In mydir/test/testing/pqtest.py

import os,sys
lib_path = os.path.abspath('../../lib/mine')
sys.path.append(lib_path)
import Util <---- get a traceback
import string
import random
# my code

 Traceback (most recent call last):
 File "pqtest.py", line 5 in ?
 import Util
 File "mydir/lib/mine/Util.py", line 89
 yield v if l > 0 else '' Error is point at if
SyntaxError: invalid syntax

However, there are other files that import Util.py inside mydir/lib/mine that does not have any problems with this file.

So why is it giving me this traceback when i am importing from somewhere else, in this case mydir/test/testing?

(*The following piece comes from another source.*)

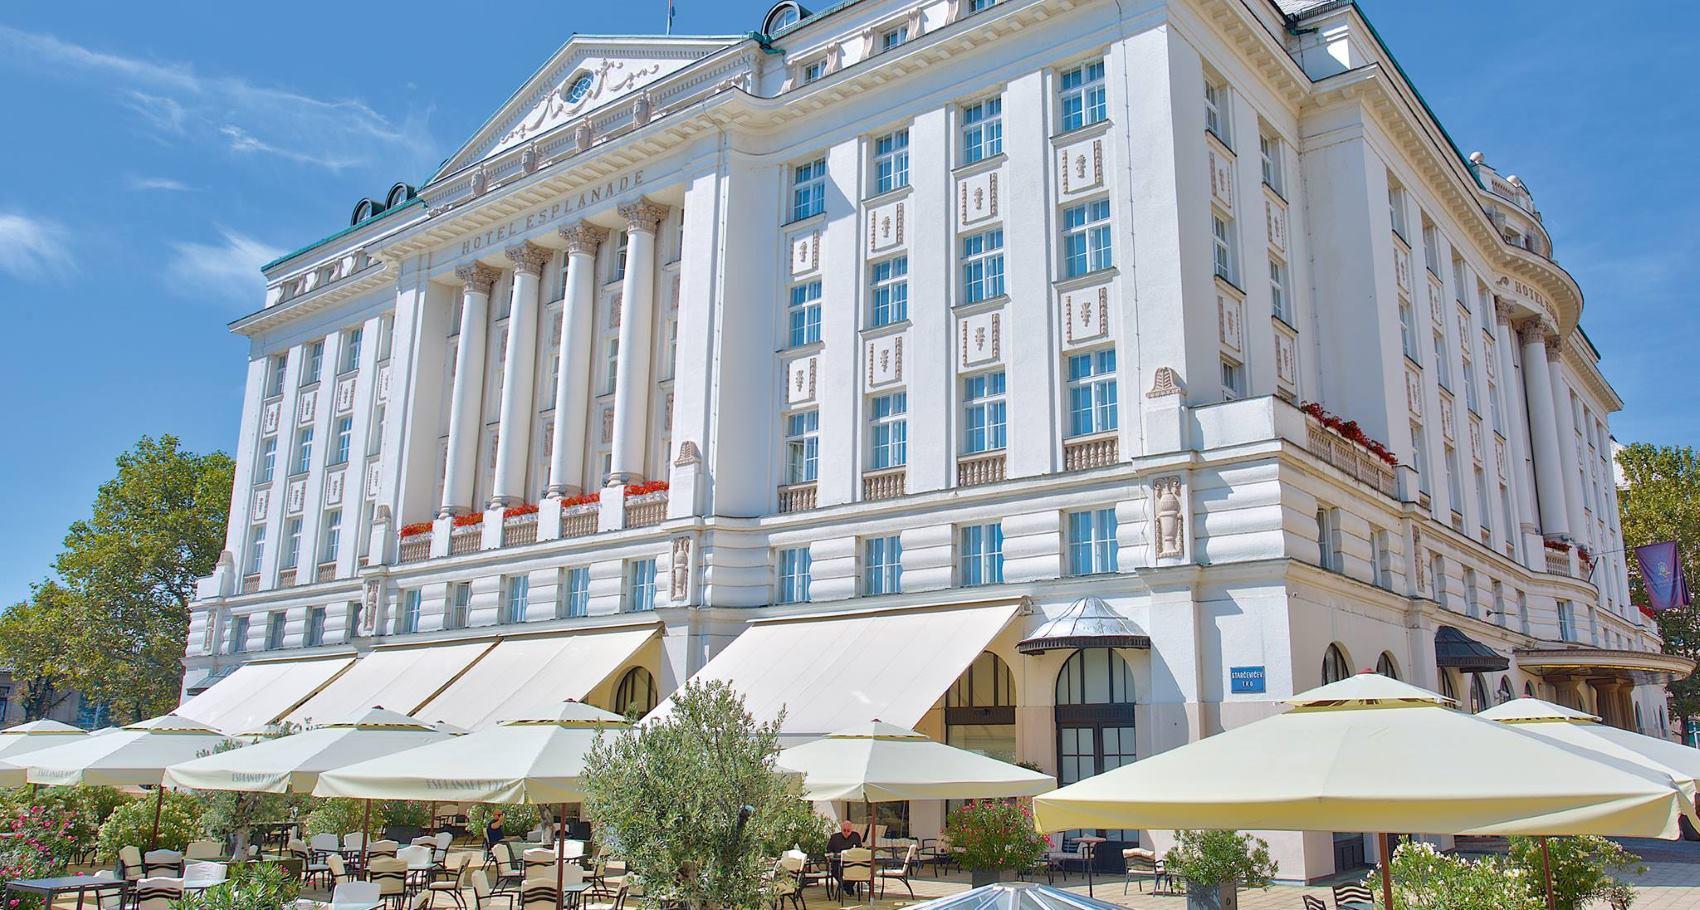 Zagrebački hotel Esplanade najbolji je hotel u Hrvatskoj

Syntax error on yield v if l> 0 else ''

def expand():
 for l,v in zip(field,val):
 yield l
 yield v if l > 0 else ''

this is good for python 2.5 but not for python 2.4

I am assuming I need to tell pqtest.py to use python 2.5 but not sure how

Stephan
18.4k8 gold badges38 silver badges61 bronze badges
asked Aug 7, 2013 at 18:54
16
  • 1
    You've skipped the most iportant part of the Exception traceback: the actual Exception... Commented Aug 7, 2013 at 18:57
  • I'm guessing the error is no such module? Commented Aug 7, 2013 at 18:57
  • @Stephan syntax error Commented Aug 7, 2013 at 18:58
  • @ealeon you showed us the wrong code, we are looking for a yield statement on line 89 in Util.py Commented Aug 7, 2013 at 18:59
  • 1
    Are you perhaps starting the failing script with python 2.4? The ternary if-then-else operator got introduced in 2.5. Commented Aug 7, 2013 at 19:01

2 Answers 2

1

If you're willing to change Util.py, the obvious thing to do is to rewrite the code so it's 2.4 compatible. From a comment, the only reason not to change Util.py is:

... others are depending on it as python 2.5.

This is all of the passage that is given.